After the merger and with the departure of previous Woden Valley FC head coach Mitch Stevens and Weston-Molonglo FC head coach Graeme Plath, only six players returned from the Woden Valley team that competed in the 2014 ACTPL and three players from the 2014 Premiership winning Weston-Molonglo FC Capital League side. The new squad for 2015 saw a number of players drafted in from Canberra City (who dropped out of the NPL) and Monaro Panthers.

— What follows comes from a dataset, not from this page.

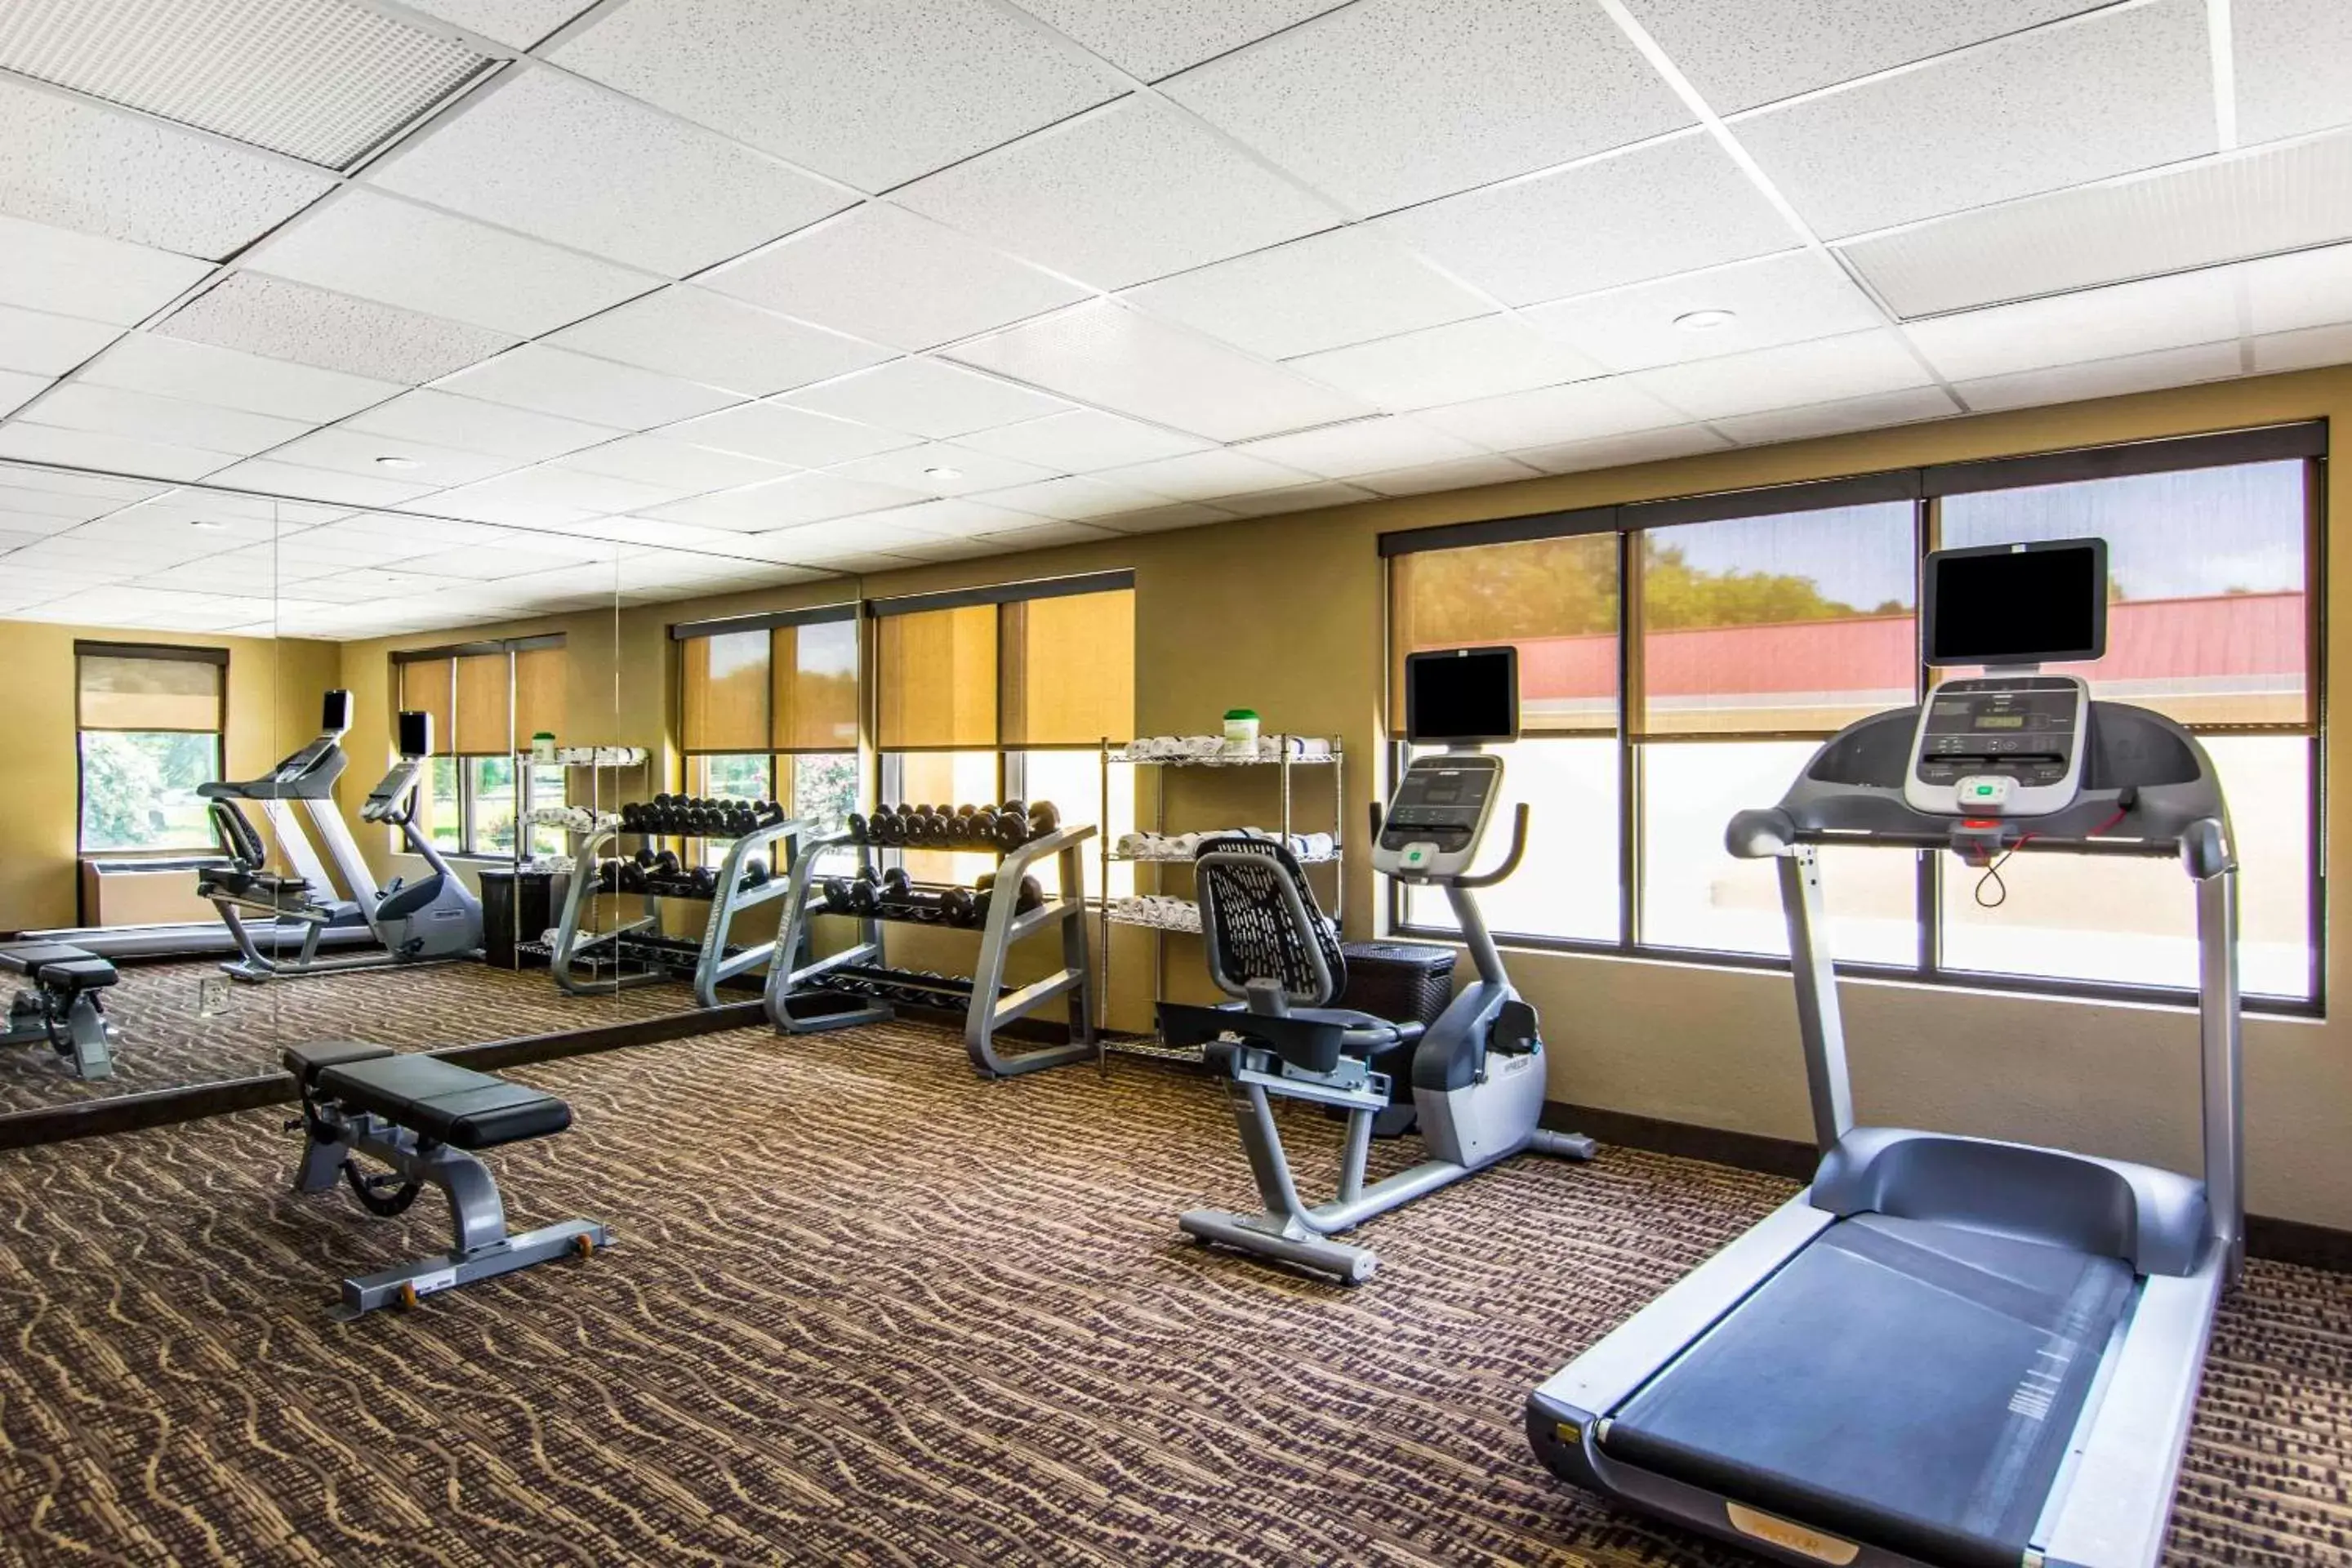 Fitness centre/facilities, Fitness Center/Facilities in Comfort Inn Newport News Williamsburg East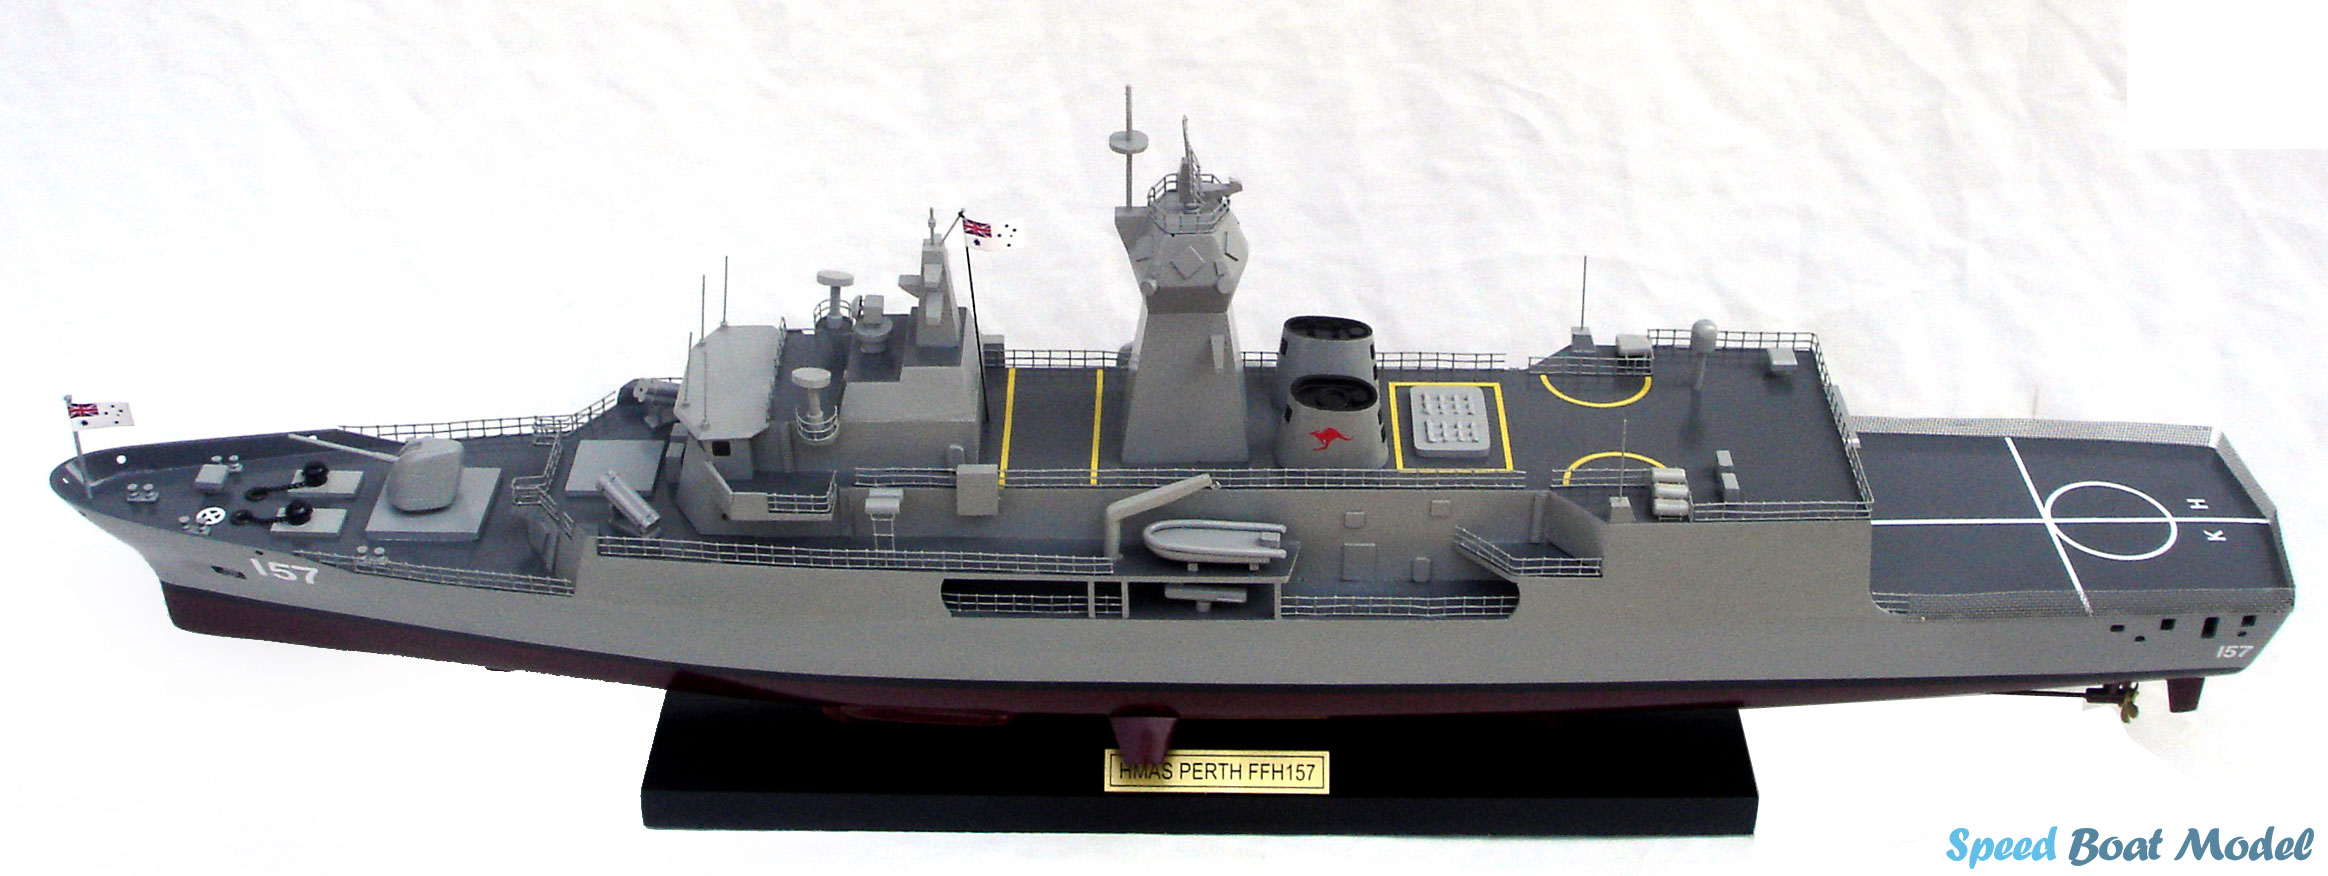 Hmas Perth Ffh 157 Warship Model 31.4

The long-term plan for the club is to bring players through the youth ranks into the senior elite setup. The major challenge for the club that has a youth pool of over 3,500 players to draw from is to retain strong players once they graduate to first team football as traditionally both the community clubs struggled to compete financially with some of the other NPL clubs in the ACT when previously participating in the first grade.

===Current squad===

Current NPL Squad as of 31 March 2019.

| No. | Pos. | Nation | Player |
|---|---|---|---|
| 3 | DF | AUS | Adam De Franshesci (c) |
| 4 | DF | AUS | Connor Bill |
| 7 | MF | SDN | Martin Deng |
| 9 | MF | AUS | Chris McEwan |
| 13 | MF | ENG | Benjamin Mann-Townsley |
| 14 | FW | BOT | Phakedi Manda |
| 15 | MF | AUS | Seamus Carr |
| 16 | MF | SDN | Deng Deng |
| 18 | GK | AUS | Ben Yeo |
| 19 | DF | AUS | Angus Bailey |

==Coaching staff==
===Current staff===

Current as of 1 January 2023

====Men====

Men's First Team
| Position | Name |
|---|---|
| Head coach | Dom English & George Economopoulos |
| Assistant Coaches | Rob Twommey |
| Seniors GK Coach | TBA |

====Women====

Women's First Team
| Position | Name |
|---|---|
| Head coach | Rey Castro |
| Assistant Coach | Antony Ceruti |

===Men's head coach history===

| No. | Manager | From | To | Played | Wins | Draws | Losses | GF | GA | GD | Win % |
|---|---|---|---|---|---|---|---|---|---|---|---|
| 1 | Miro Trninic | 8 March 2015 | 2 August 2015 | 16 | 3 | 2 | 11 | 20 | 40 | −20 | 18.8% |
| 2 | Martin Lategui | 2 November 2015 | 13 May 2016 | 5 | 1 | 0 | 4 | 5 | 16 | −11 | 20% |
| 3 | Rey Castro* | 14 May 2016 | 3 October 2016 | 12 | 2 | 1 | 9 | 11 | 33 | −22 | 27.0% |
| 4 | Tony Olivera | 4 October 2016 | November 2017 | 18 | 4 | 2 | 12 | 31 | 52 | −21 | 22.2% |
| 5 | Rey Castro | November 2017 | November 2019 | 16 | 4 | 6 | 6 | 32 | 36 | −4 | 43.75% |
| 5 | Ulisses Da Silva | November 2019 | November 2021 | 3 | 2 | 0 | 1 | 4 | 5 | −1 | 66.7 |

(*) – Denotes interim manager

===Club management===

Current as of 4 February 2025

Club Management
| Position | Name |
|---|---|
| Club President | Stein Helgeby |
| Vice President | Chris Webb |
| Secretary | Marc Mowbray-d'Arbela |
| Treasurer | George Sotiropoulos |
| Technical Director | Rey Castro |
| Member Protection Officer | Jane ShunWah |
| Members | Lachlan Cotter; Deb Moss |

==Season-by-season results==

The below table is updated with the statistics and final results for Woden-Weston FC following the conclusion of each National Premier League Capital Football season.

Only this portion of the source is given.